YOUR GOAL:
Pictures stay out of the output. Return exactly the lines below from the one with "Hair Styles For Short" down to the one with "Harper Signed 1976", both included, and nothing more.

RAW DATA:
__________________________________________________

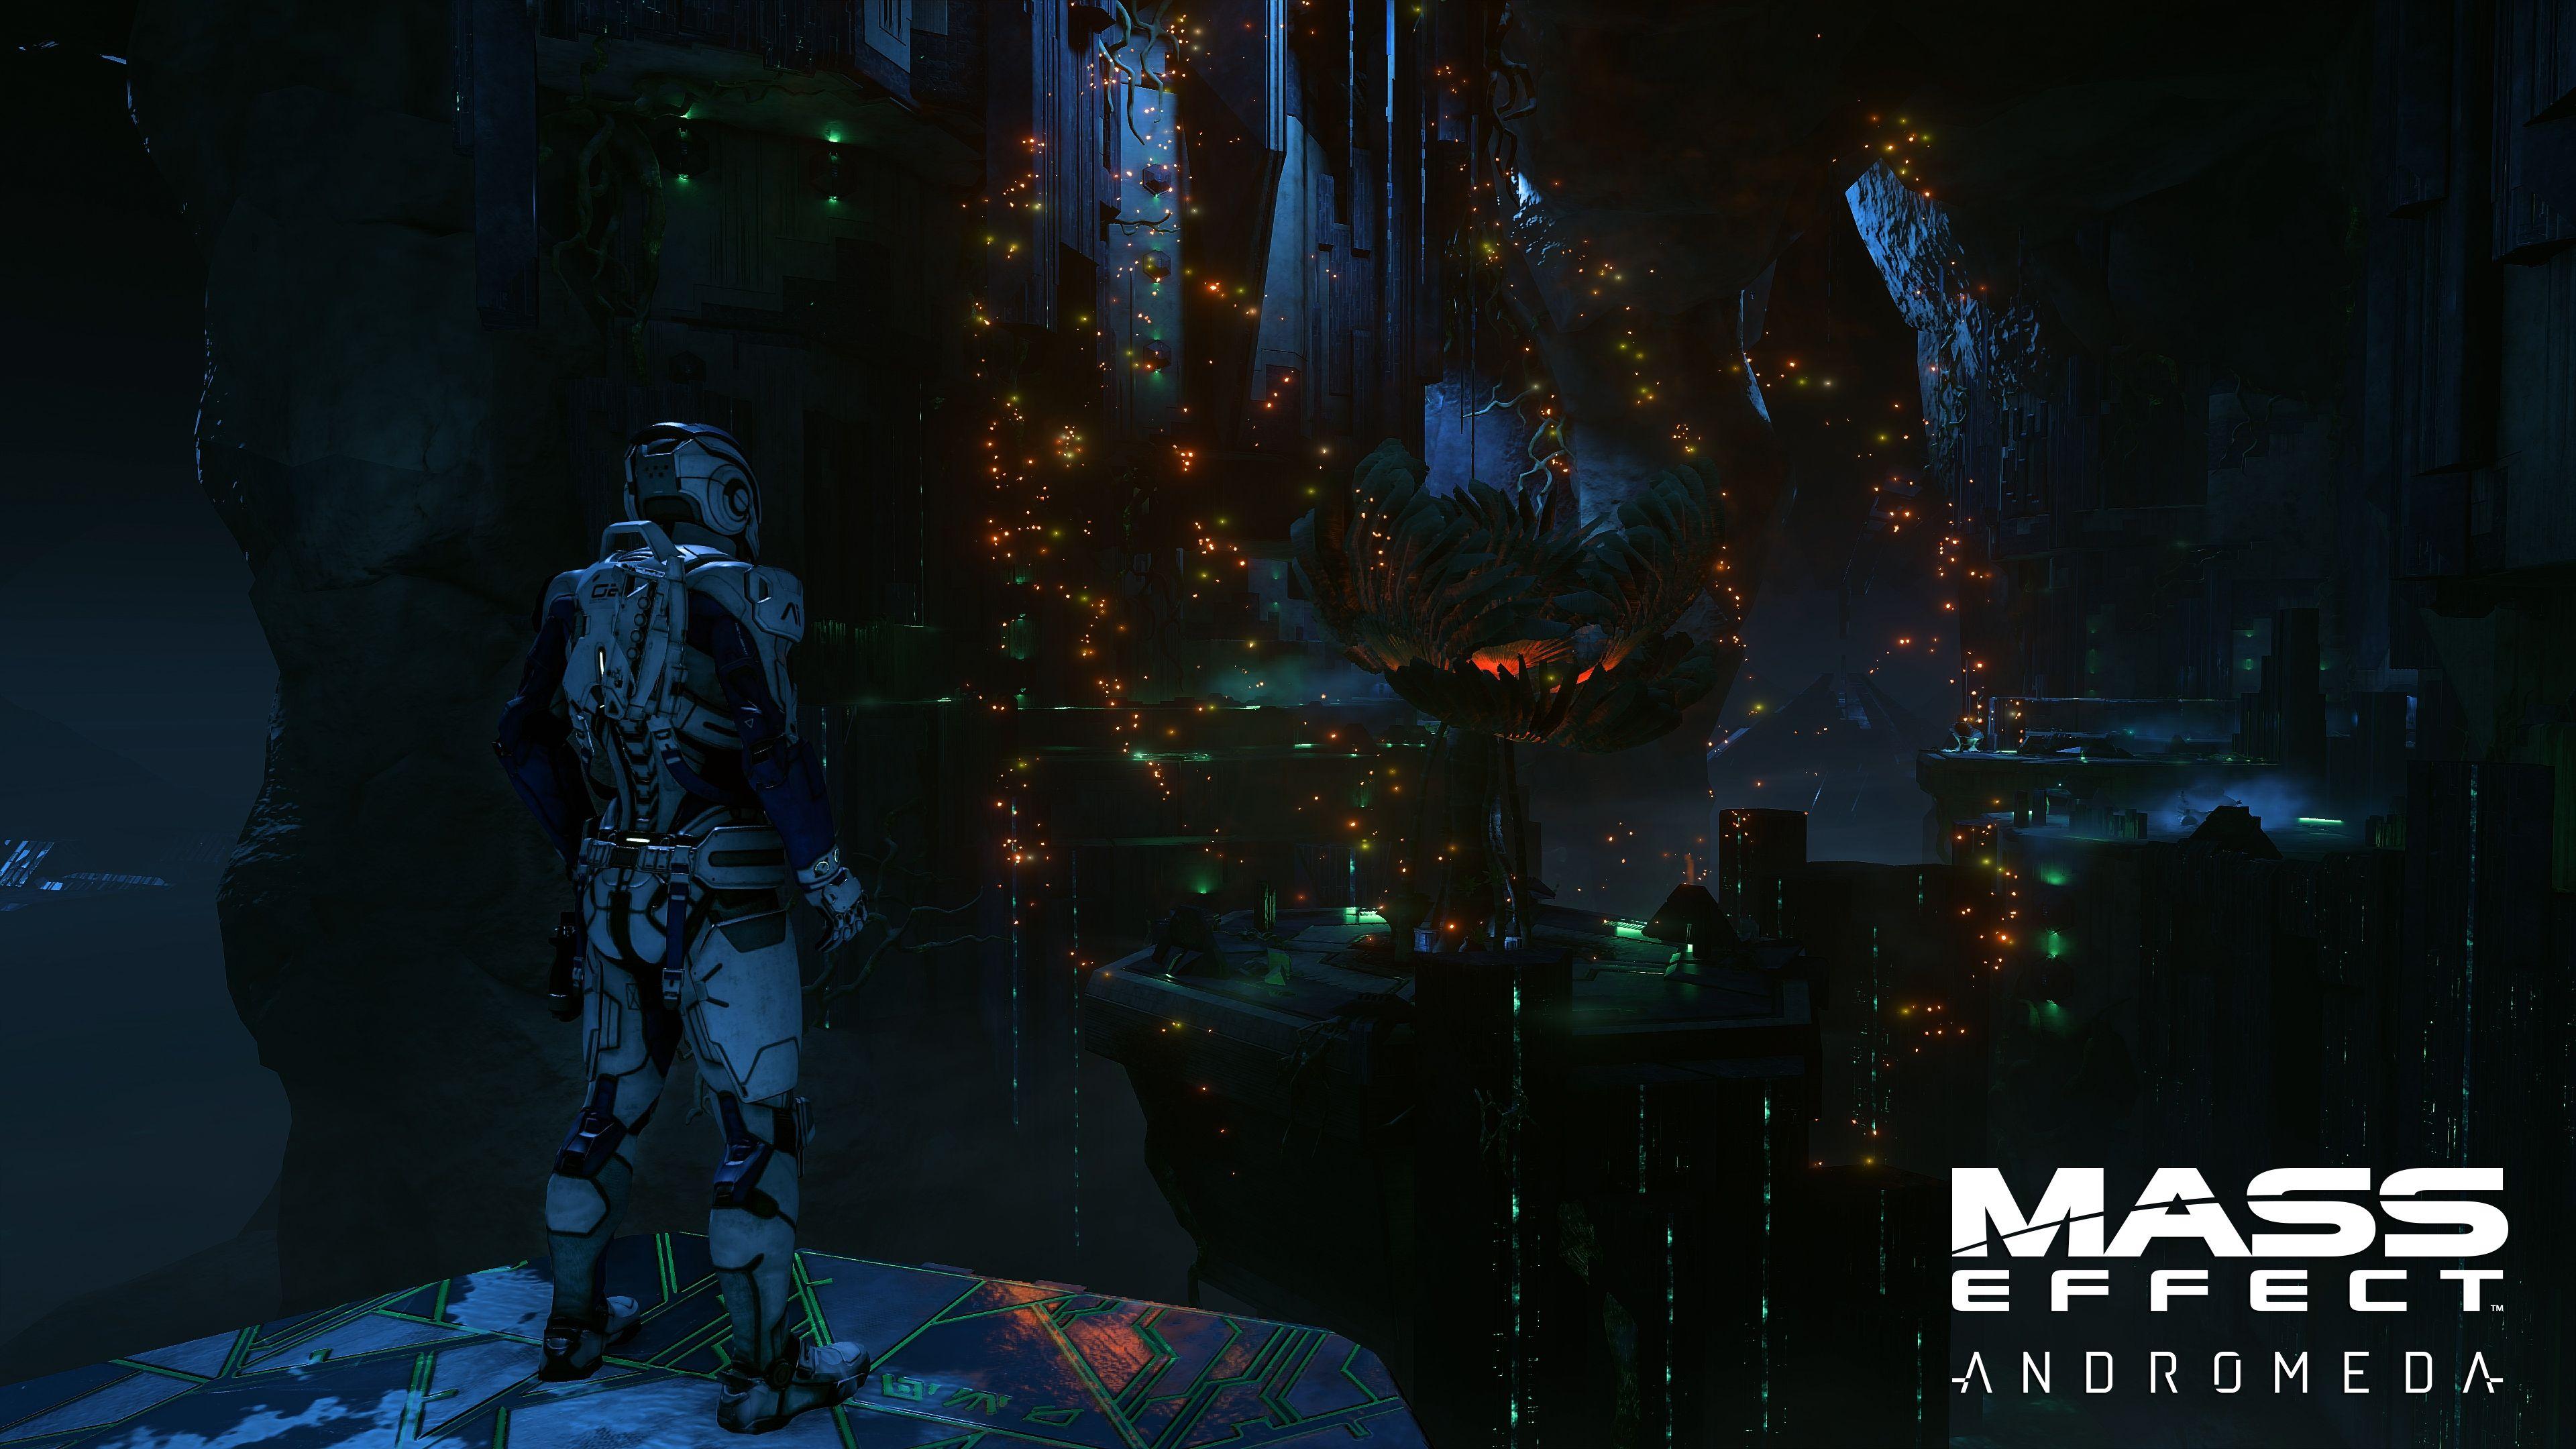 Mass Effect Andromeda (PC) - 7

__________________________________________________

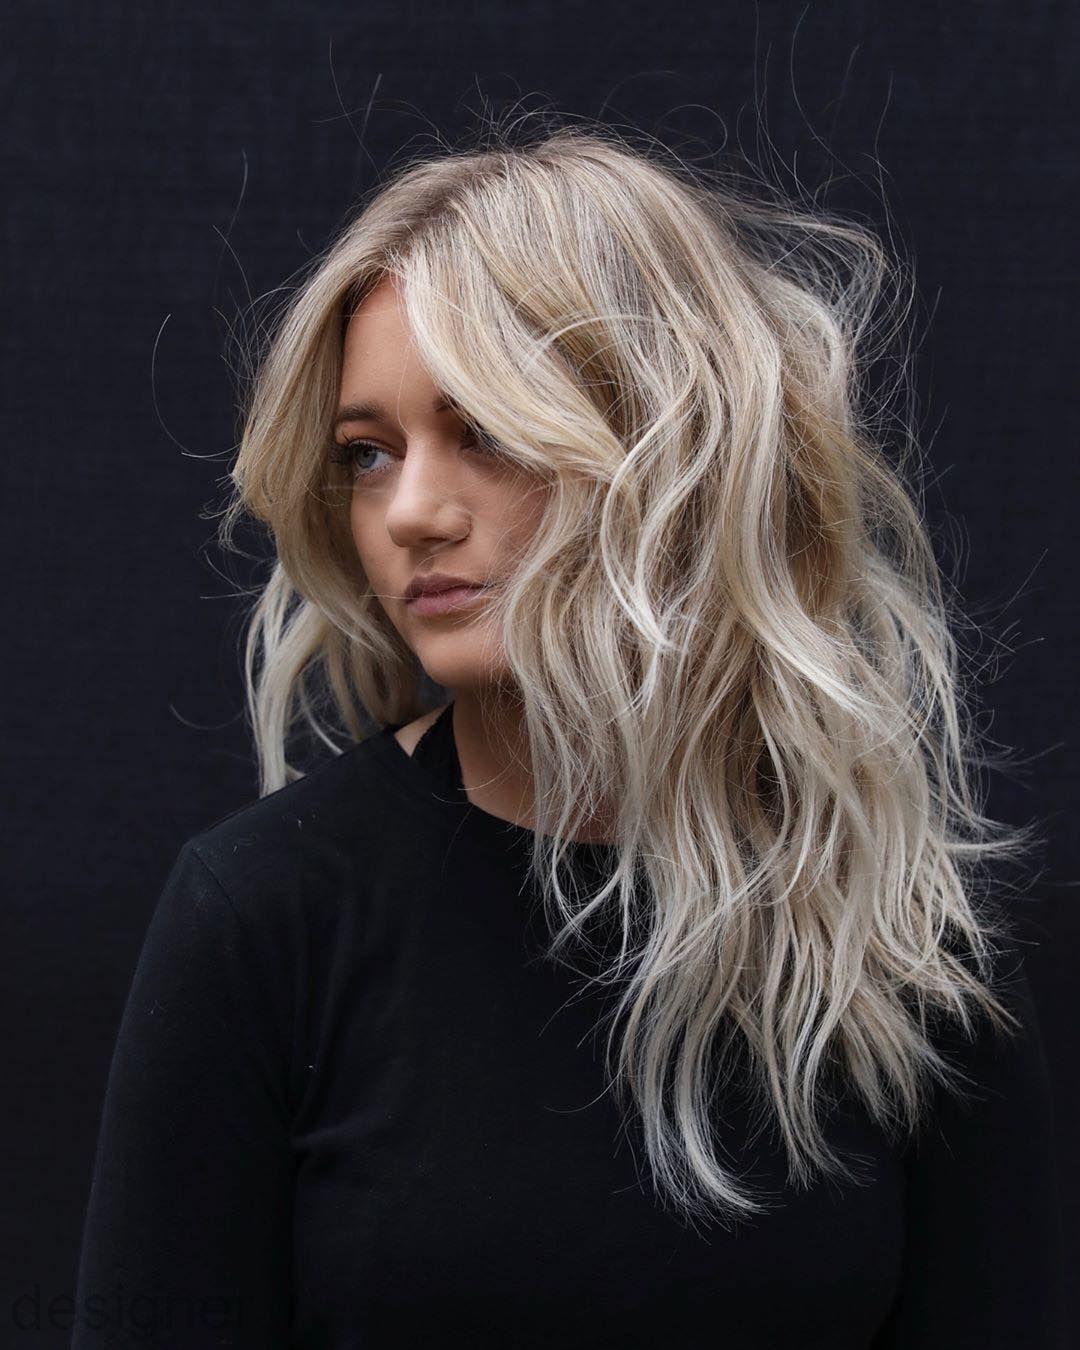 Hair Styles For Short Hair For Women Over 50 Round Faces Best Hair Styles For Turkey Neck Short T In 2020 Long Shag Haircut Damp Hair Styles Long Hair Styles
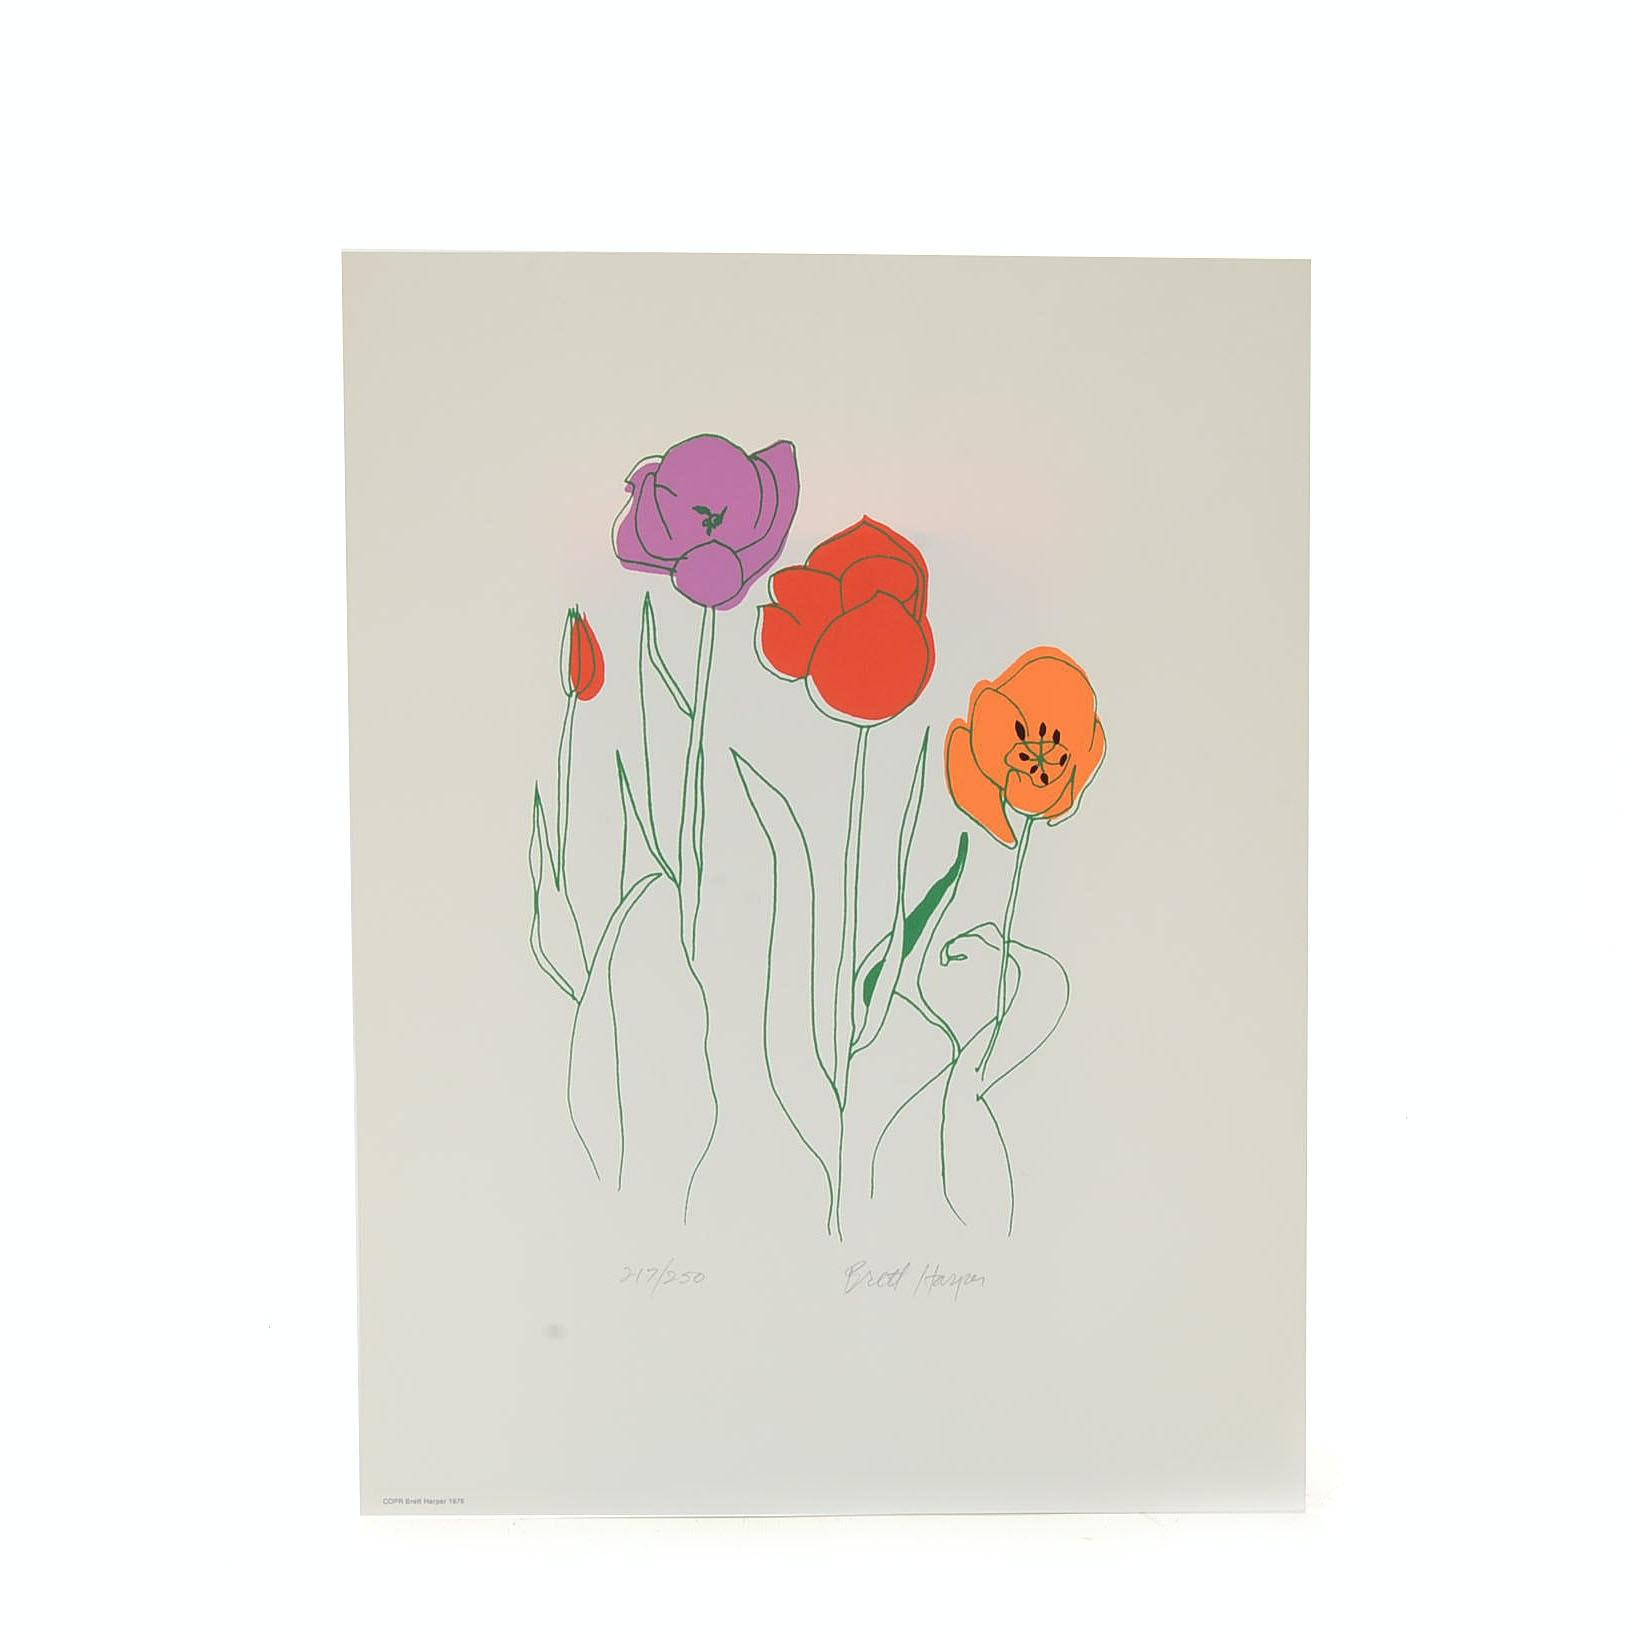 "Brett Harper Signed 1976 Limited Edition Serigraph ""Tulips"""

__________________________________________________

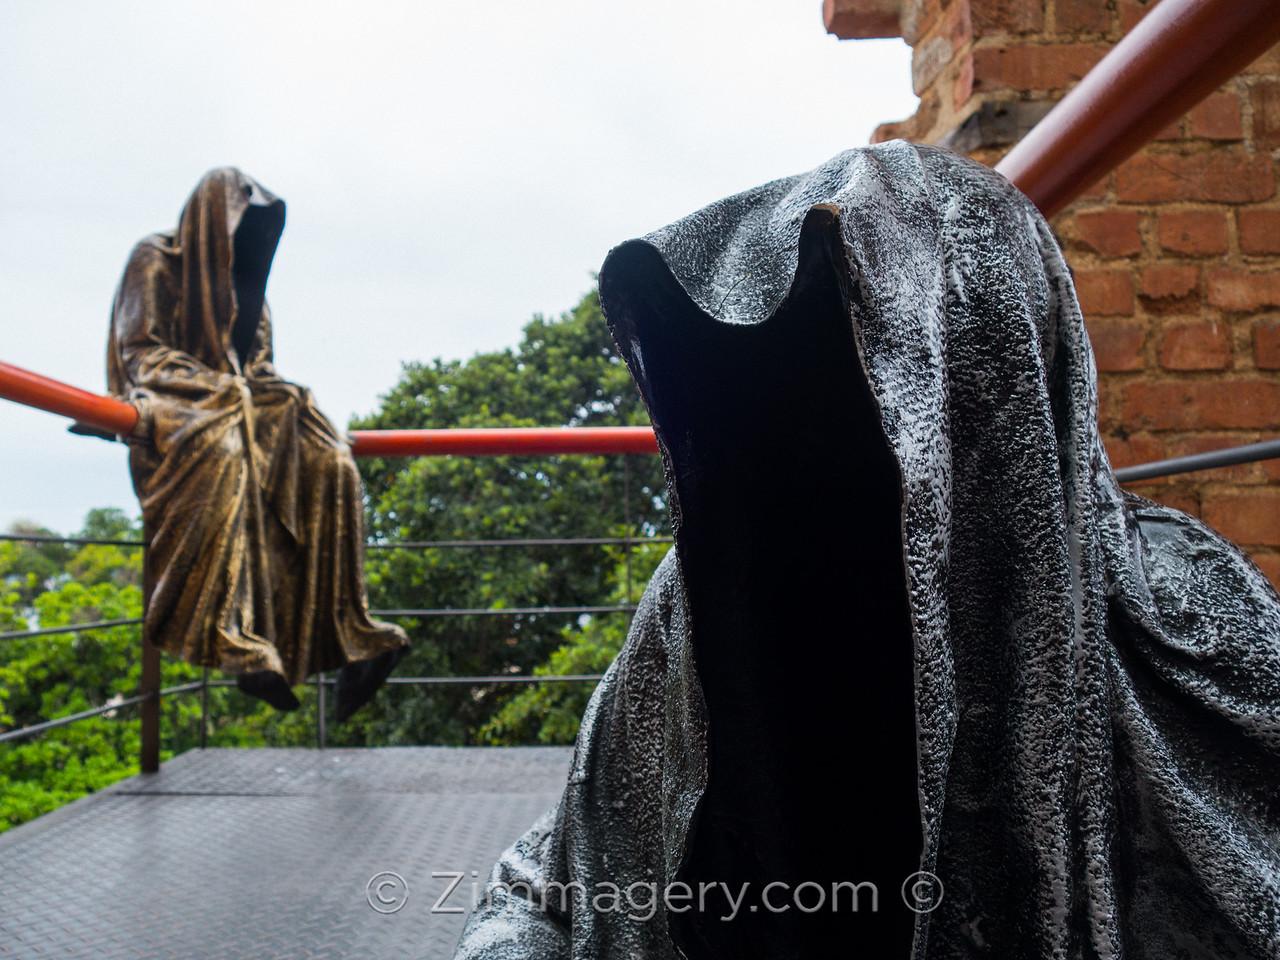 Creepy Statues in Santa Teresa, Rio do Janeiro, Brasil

__________________________________________________

REPLY TO THE EXERCISE:
 Hair Styles For Short Hair For Women Over 50 Round Faces Best Hair Styles For Turkey Neck Short T In 2020 Long Shag Haircut Damp Hair Styles Long Hair Styles
 "Brett Harper Signed 1976 Limited Edition Serigraph ""Tulips"""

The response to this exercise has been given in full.